## DATA
<<<<

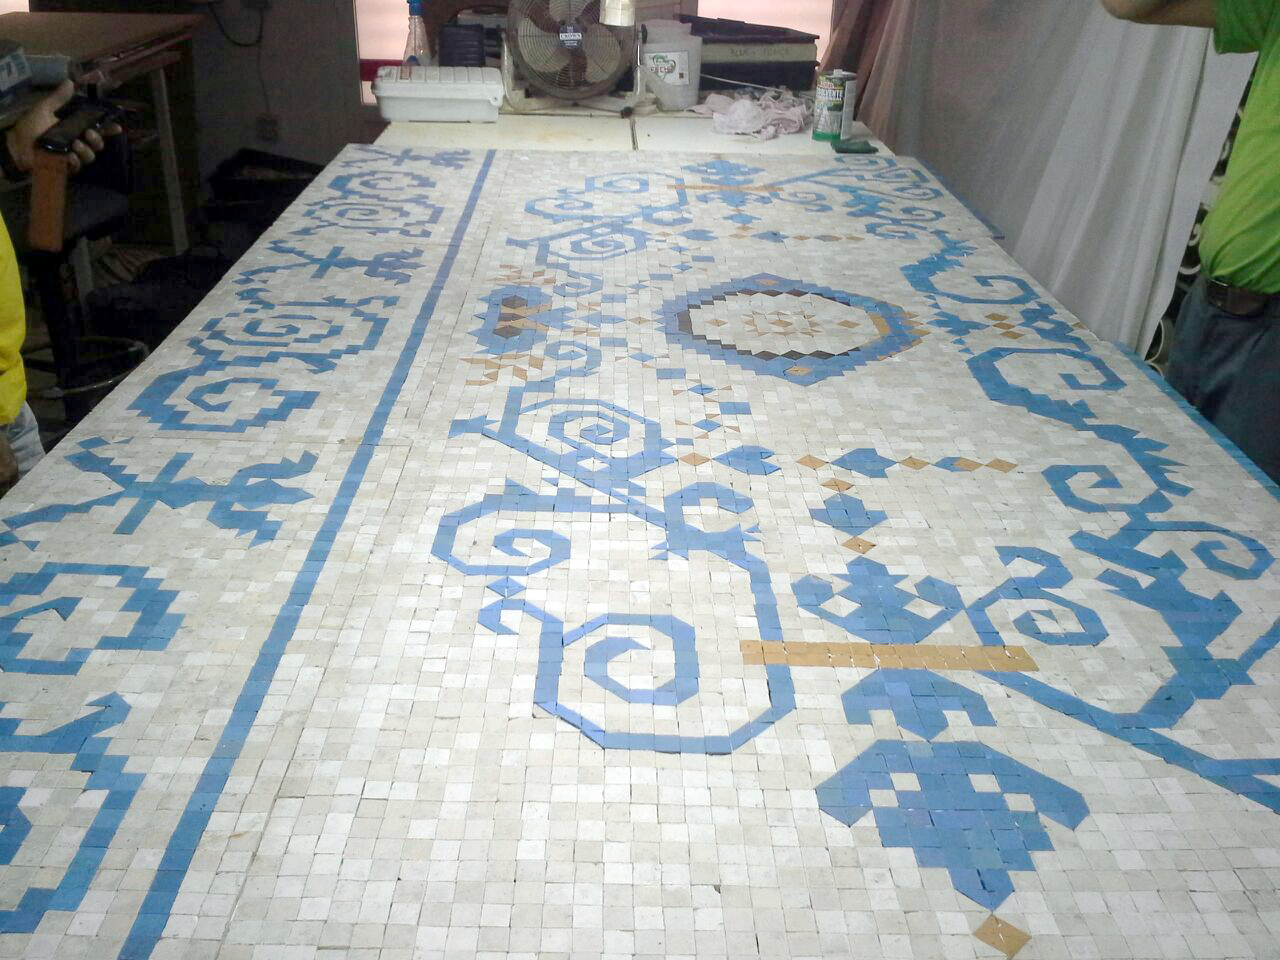 restauracion-de-pavimento-de-mosaico-romano
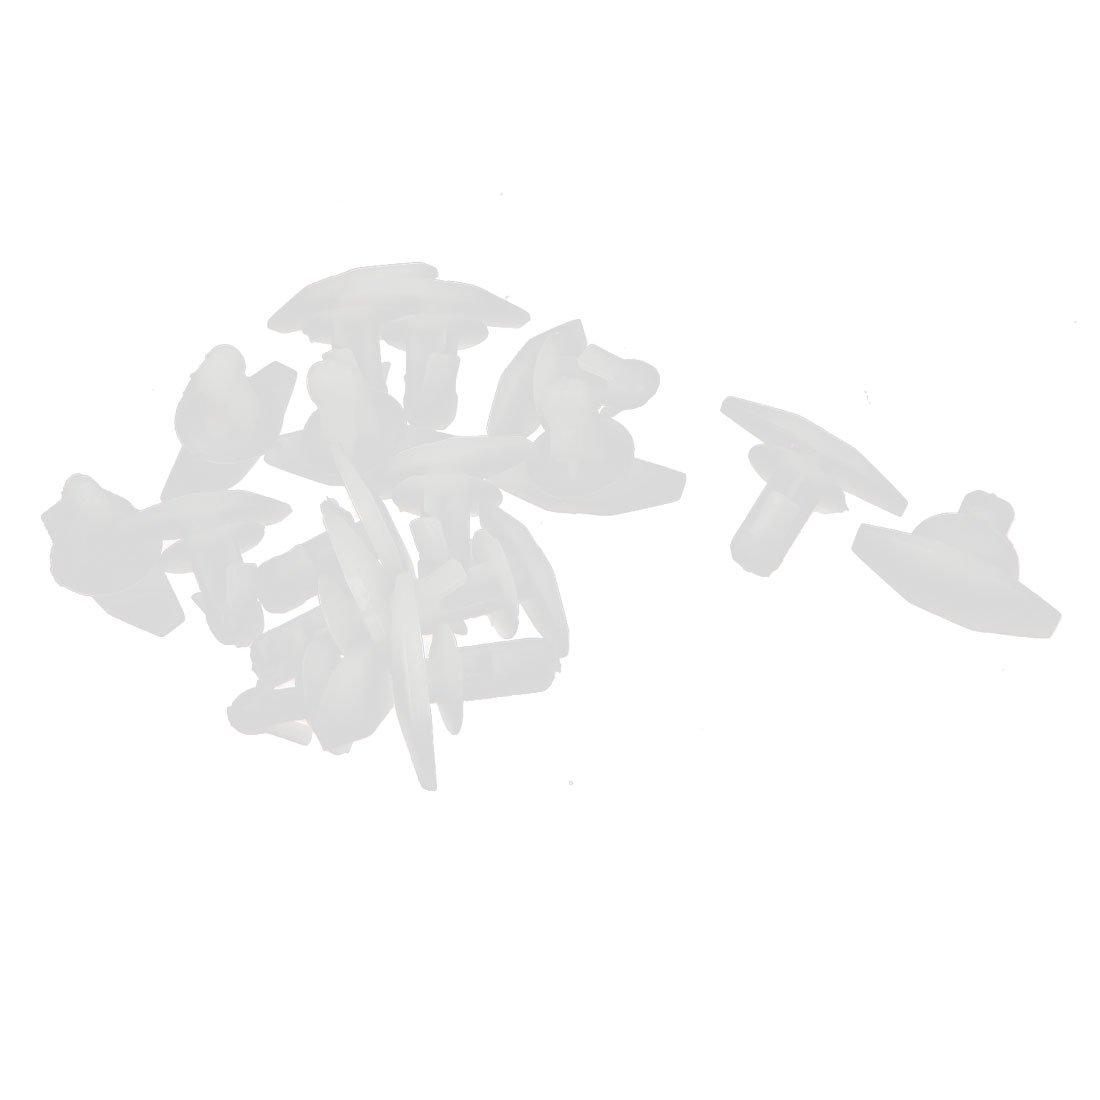 16 Pz bianco plastica rivetti fermo gancetto 4mm x 6mm x 8mm per macchina paraurti parafango
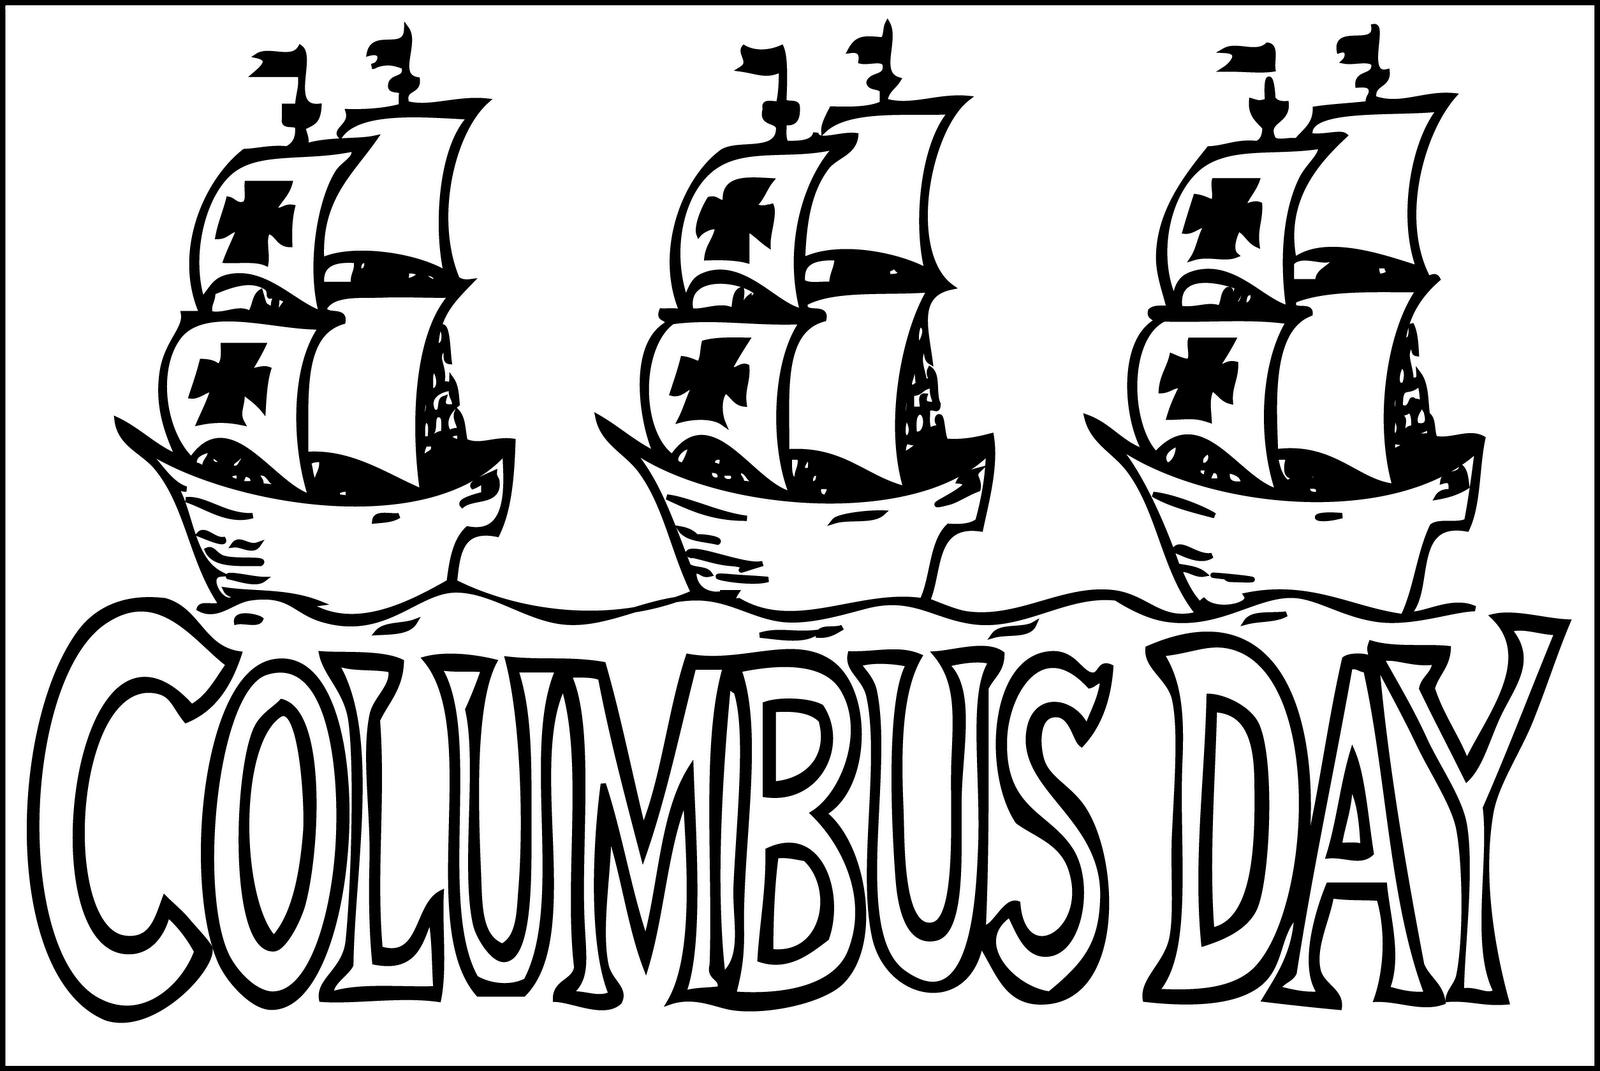 Columbus Day Schedule 10 08 12

>>>>

## EXERCISE OBJECTIVE
Please write out the material from the line containing "16 Pz bianco" to its final line, both inclusive, exactly as it appears; pictures are not part of the copy.

## TASK SOLUTION
 16 Pz bianco plastica rivetti fermo gancetto 4mm x 6mm x 8mm per macchina paraurti parafango
 Columbus Day Schedule 10 08 12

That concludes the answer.